Jay Pasachoff, an astronomer who traveled the world for more than 50 years to witness 74 solar eclipses and was one of the world’s foremost experts on such views from the sky, has died aged 79.
Pasachoff, professor of astronomy at Field Memorial and director of the Hopkins Observatory at Williams College, died Sunday, Nov. 20 at his home in Williamstown, Mass. His wife Naomi Pasachoff identified lung cancer as the cause of death.
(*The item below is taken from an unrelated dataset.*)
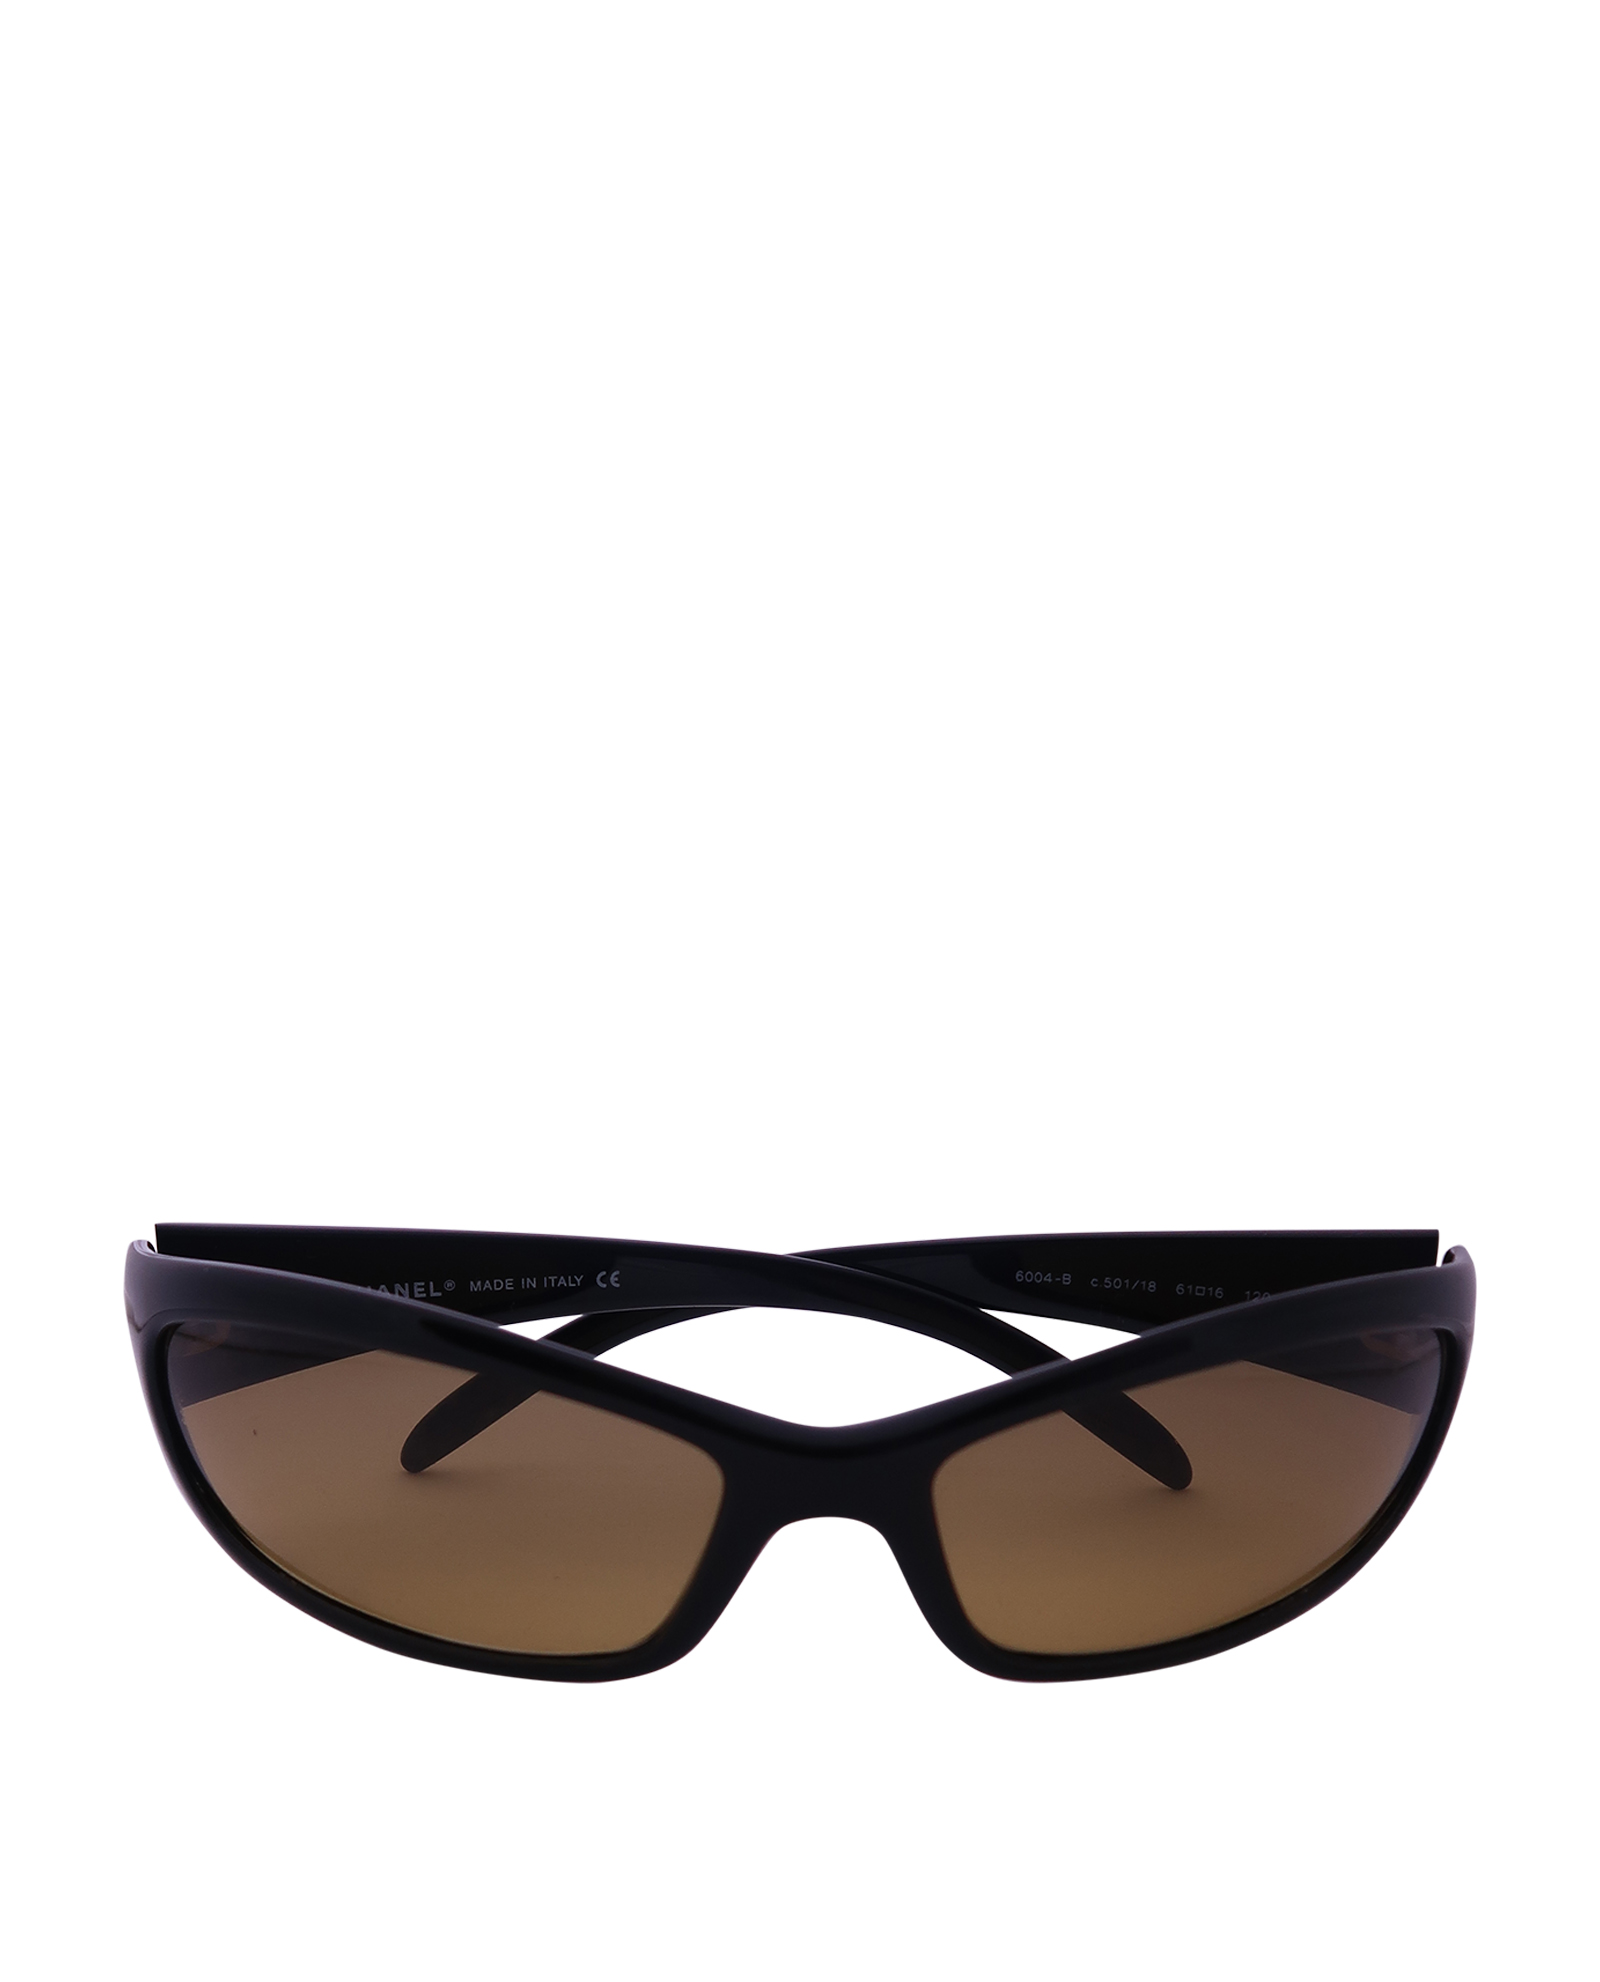 Chanel 6004-B Sunglasses

Pasachoff wrote about his passion for solar eclipses in a Editorial from the New York Times (opens in a new tab) in 2010: “We are umbraphiles. After standing in the shadow, the shadow of the moon, during a solar eclipse, we are driven to do so again and again, each time the moon moves between the Earth and the Sun.”
Related: Chasing Solar Eclipses: Q&A with Jay Pasachoff
After completing his doctorate in 1969 with a thesis entitled “Fine Structure in the Solar Chromosphere”, Pasachoff developed an incredible track record for identifying the best observing sites for eclipses. This included calculating where the clearest sky would be available to view the totality phase of an eclipse. Familiarity with weather data also allowed Pasachoff to become known for his accurate weather forecasts.
Born on July 1, 1943 in New York City, Pasachoff’s passion for astronomy began at an early age with trips to the Hayden Planetarium at the American Museum of Natural History. While attending Bronx High School of Science, Pasachoff began building telescopes.
After graduating in 1959 at age 16, Pasachoff attended Harvard University. There he took a course in astronomy taught by Donald Menzel, one of the first astronomers and theoretical astrophysicists in the United States and also an expert on solar eclipses.
Pasachoff observed his first solar eclipse in 1959, on November 1. In his 2010 New York Times article, the astronomer detailed his description of the event from his diary as follows: moon covered the sun and the sky darkened, the solar corona outlined the moon in white. I was addicted.”
Pasachoff earned bachelor’s, master’s, and doctorate degrees from Harvard in 1963, 1965, and 1969, respectively. Pasachoff conducted postdoctoral research at the Harvard College Observatory in 1969, then took a position at the California Institute of Technology before joining Williams College in 1972.
He spent the next half-century chasing eclipses around the world, his passion never waning. “Every time is like going to Game 7 of the World Series with the score tied in the ninth inning,” he told Fox News in 2016.
Solar eclipses did not represent all of Pasachoff’s work with the sun, Nevertheless. The astronomer studied the sun’s outer atmosphere, known as the the crown, which only becomes fully visible during eclipses. (The corona is washed away by light from the underlying layers and can only be seen when the moon blocks the solar disk.)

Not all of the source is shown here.